» **Excerpted data**
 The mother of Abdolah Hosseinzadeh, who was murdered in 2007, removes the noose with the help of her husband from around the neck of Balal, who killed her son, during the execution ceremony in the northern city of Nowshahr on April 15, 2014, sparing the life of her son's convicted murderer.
* * *
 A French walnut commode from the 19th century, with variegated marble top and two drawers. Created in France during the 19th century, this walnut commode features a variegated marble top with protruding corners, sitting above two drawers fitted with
--
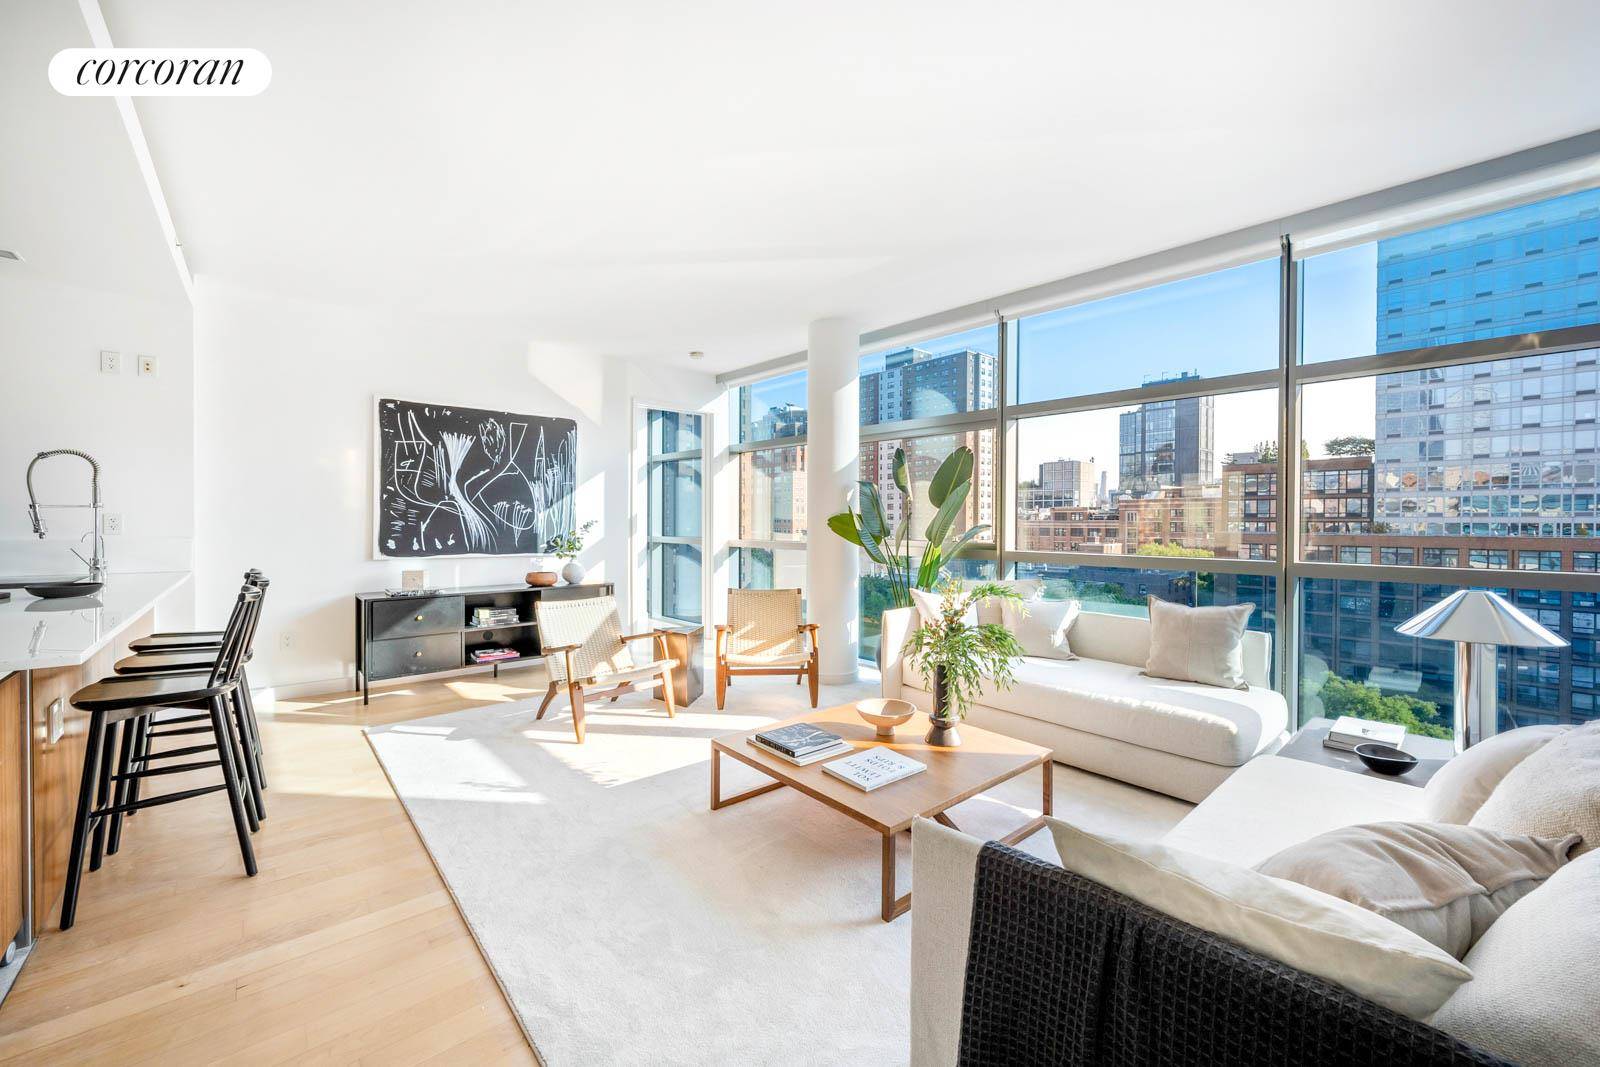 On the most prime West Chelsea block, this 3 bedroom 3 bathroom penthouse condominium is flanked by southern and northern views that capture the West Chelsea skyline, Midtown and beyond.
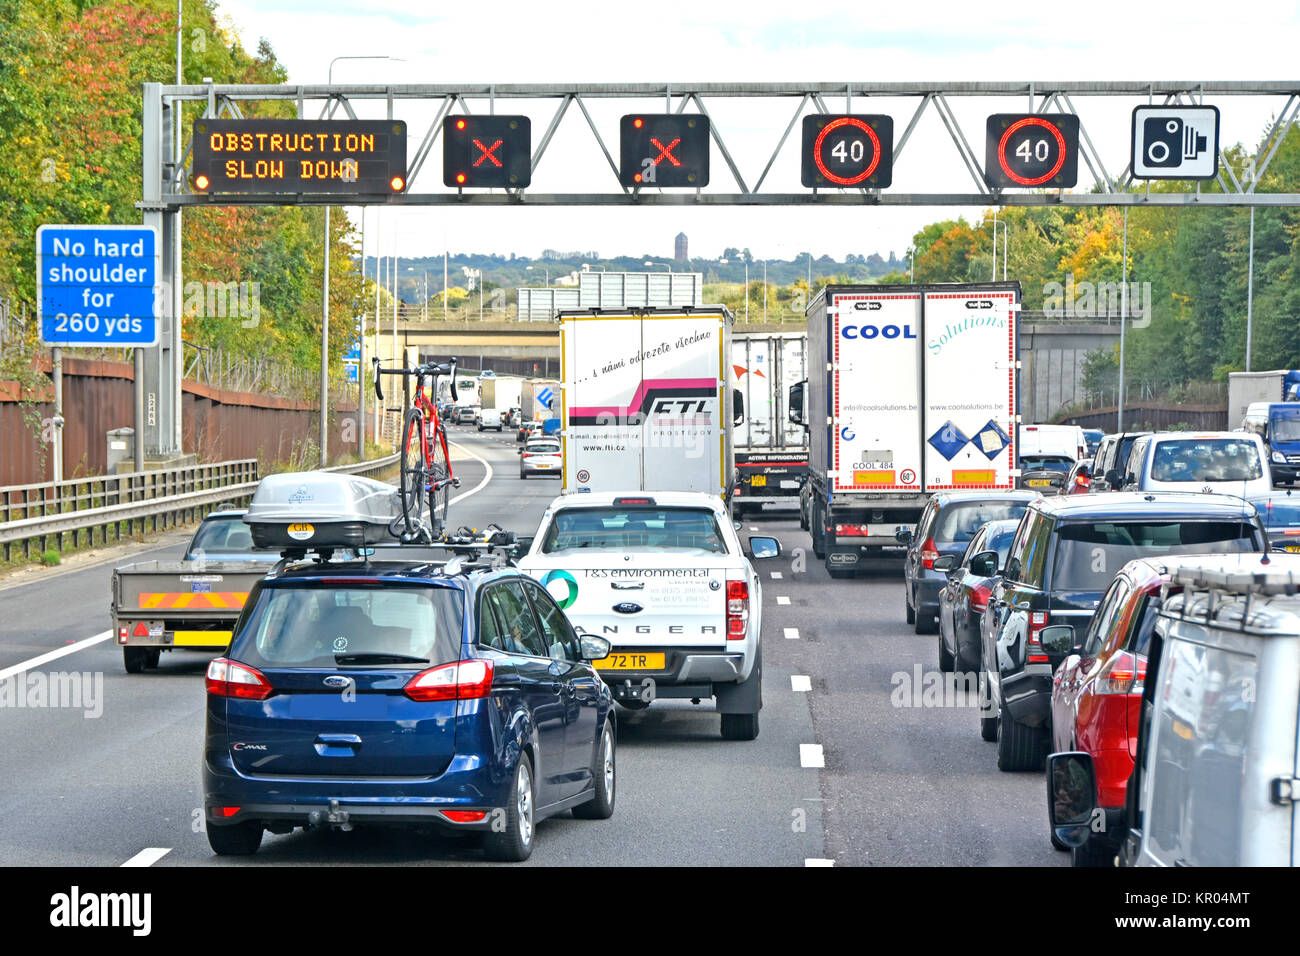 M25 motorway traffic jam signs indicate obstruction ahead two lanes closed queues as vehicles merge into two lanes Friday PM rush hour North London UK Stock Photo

» **What to work on**
Go through the data and copy every line that includes "with".

» **Your response**
 The mother of Abdolah Hosseinzadeh, who was murdered in 2007, removes the noose with the help of her husband from around the neck of Balal, who killed her son, during the execution ceremony in the northern city of Nowshahr on April 15, 2014, sparing the life of her son's convicted murderer.
 A French walnut commode from the 19th century, with variegated marble top and two drawers. Created in France during the 19th century, this walnut commode features a variegated marble top with protruding corners, sitting above two drawers fitted with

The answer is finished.